A trawling boat is photographed through a net on a blue-gray sea.
Herbert Knosowski
/
AP
A fishing cutter, photographed through the net of another boat, trawls for shrimp at Germany's North Sea coastline near the Jade river on Monday, Aug. 22, 2005.

A ban on inshore shrimp trawling is moving quickly toward a vote in the North Carolina Senate.

On Tuesday morning, the provision was inserted into House Bill 442, which deals with recreational fishing of flounder and red snapper. It's scheduled for a vote on the Senate floor Wednesday afternoon.

It would outlaw shrimp trawling except in Atlantic Ocean waters at least a half-mile offshore, matching regulations in Virginia and South Carolina.

"We're the only state on the East Coast that allows that," Sen.
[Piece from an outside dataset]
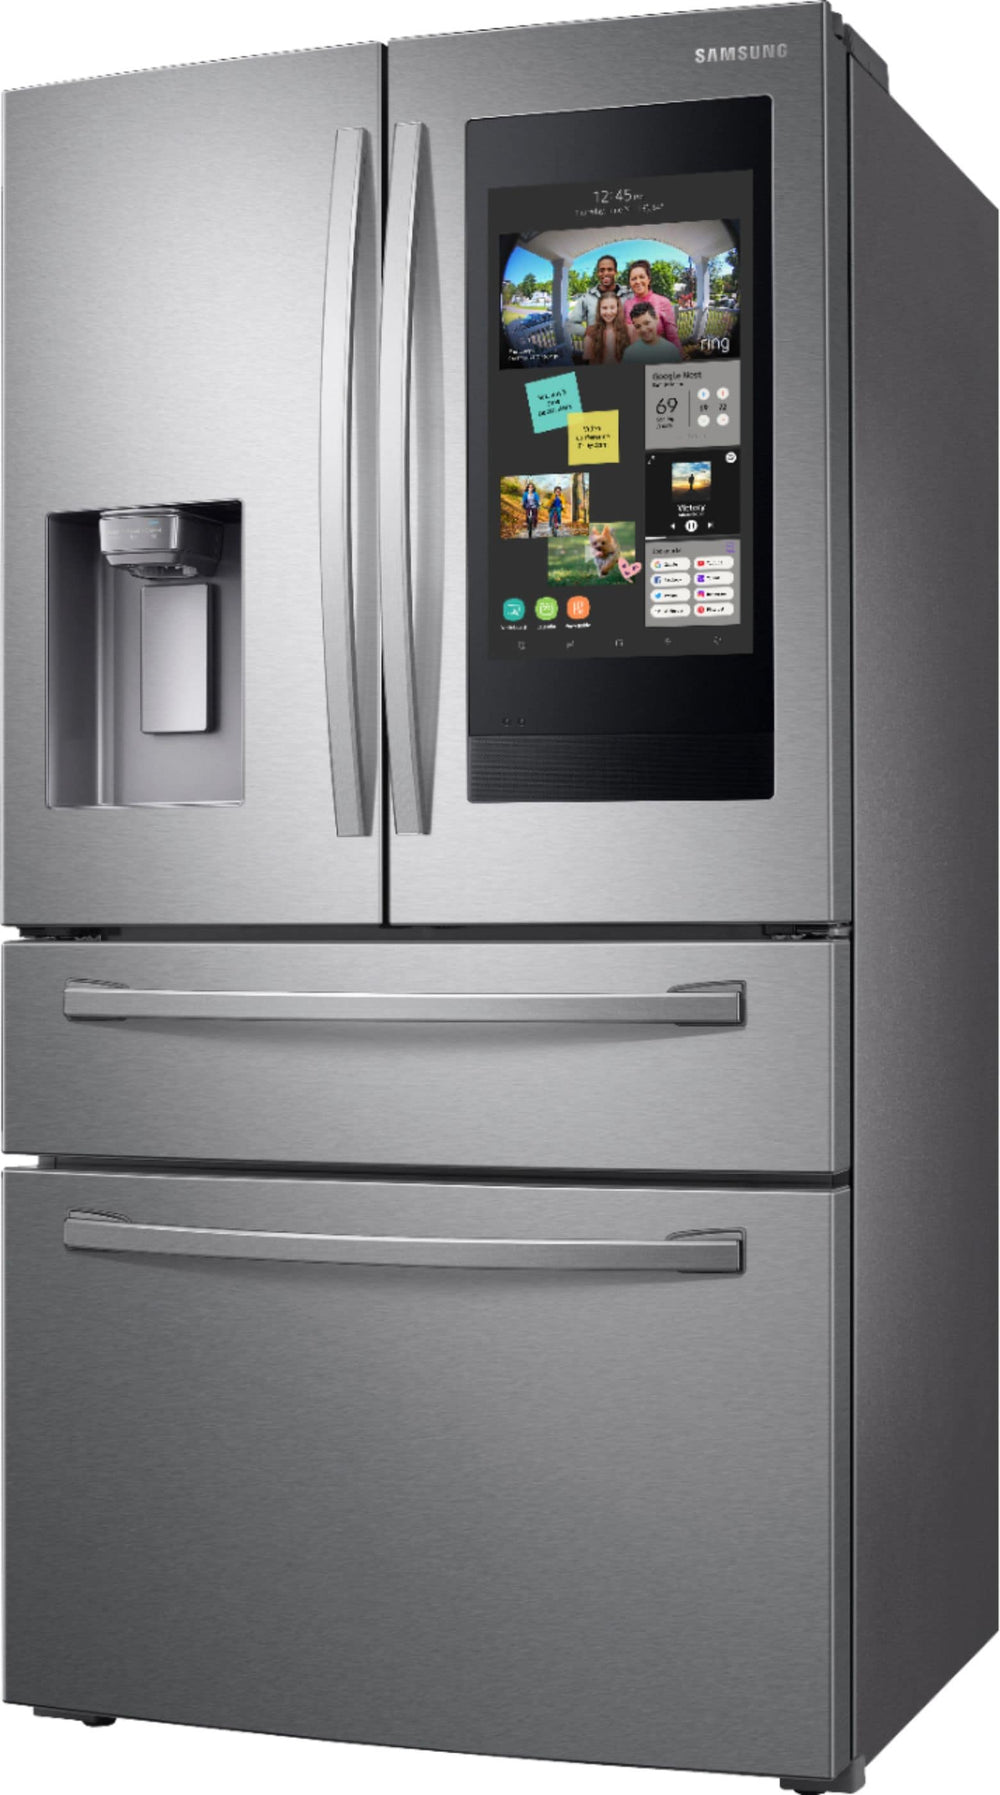 Samsung - Family Hub 27.7 Cu. Ft. 4-Door French Door  Fingerprint Resistant Refrigerator - Stainless steel_1

Phil Berger, R-Rockingham, told reporters late Tuesday, saying the issue has "needed attention for a long time."

Commercial shrimpers say their industry would be decimated.

"Shrimping is the lifeblood of a lot of counties," commercial fisherman Thomas Newman said during the Senate Rules Committee meeting Tuesday. "You're going to cut off 75% of the shrimp we produce."

The state awarded 270 commercial shrimp licenses in 2023. Those shrimpers hauled in over 6.5 million pounds of shrimp, worth an estimated $14.1 million, according to Division of Marine Fisheries statistics.

Around half of those shrimp were landed in the Pamlico Sound, the same report says, and that's been the case since 1994.

Bycatch an issue

Sen. David W. Craven Jr., R-Randolph, said changes are needed because so many fish species get unintentionally caught in shrimp nets.

"It is estimated that for every pound we harvest of shrimp, 4 pounds of bycatch — which is a lot of other species of fish that's getting caught in the net, potentially dying," Craven said during a meeting of the Senate Committee on Agriculture, Energy and Environment, where he introduced the amendment.

Trawlers drag large nets behind their boats that can drag the bottom in the state's typically shallow estuaries, disrupting habitats and trapping fish that grow up there.

Croaker, spot, weakfish and flounder "are of particular concern due to their value as economically important recreation and commercial fisheries, as well as concern about their stock status," the state's shrimp management plan states.

Federally protected species like sea turtles and sturgeon are also vulnerable, research shows.

"This is just an archaic thing that we have allowed to happen," said Sen. Bill Rabon, R-Brunswick. "It's going to take a lot of fortitude for people to stand up and say: 'I really, I don't like it, but it is the best policy.' And at the end of the day, our challenge here is good policy, not friendships and friends at home."

Several nonprofits back the decision.

"If our fishery stocks respond favorably to these new protections, the potential economic impact to Eastern North Carolina will be tremendous," said Chad Thomas, executive director of the state's Marine & Estuary Foundation.

A white shrimp with a dark eye and dark tail is suspended by its antennae against a blurred background.
Gerald Herbert
/
AP
A white shrimp from the Gulf of Mexico is held by a Louisiana biologist on Friday, Aug. 13, 2010. The species has been the dominant type of shrimp harvested in North Carolina in recent years.

Republicans split

Adding the shrimping provision in the last two weeks of this year's planned session surprised some Republicans.

Sen. Bobby Hanig, R-Currituck, called it "disgraceful" and said it would "completely shut down an entire industry."

"It reeks of the same old sleazy backroom politics and special interests that caused North Carolina endless fish wars," Hanig said. "What we're doing here is wrong."

Most Senate Republicans quickly got behind it, and the amended bill is scheduled for a vote during the Senate's 4 p.m. session Wednesday. Berger said he expects it to pass.

Whether it can pass the House is another question.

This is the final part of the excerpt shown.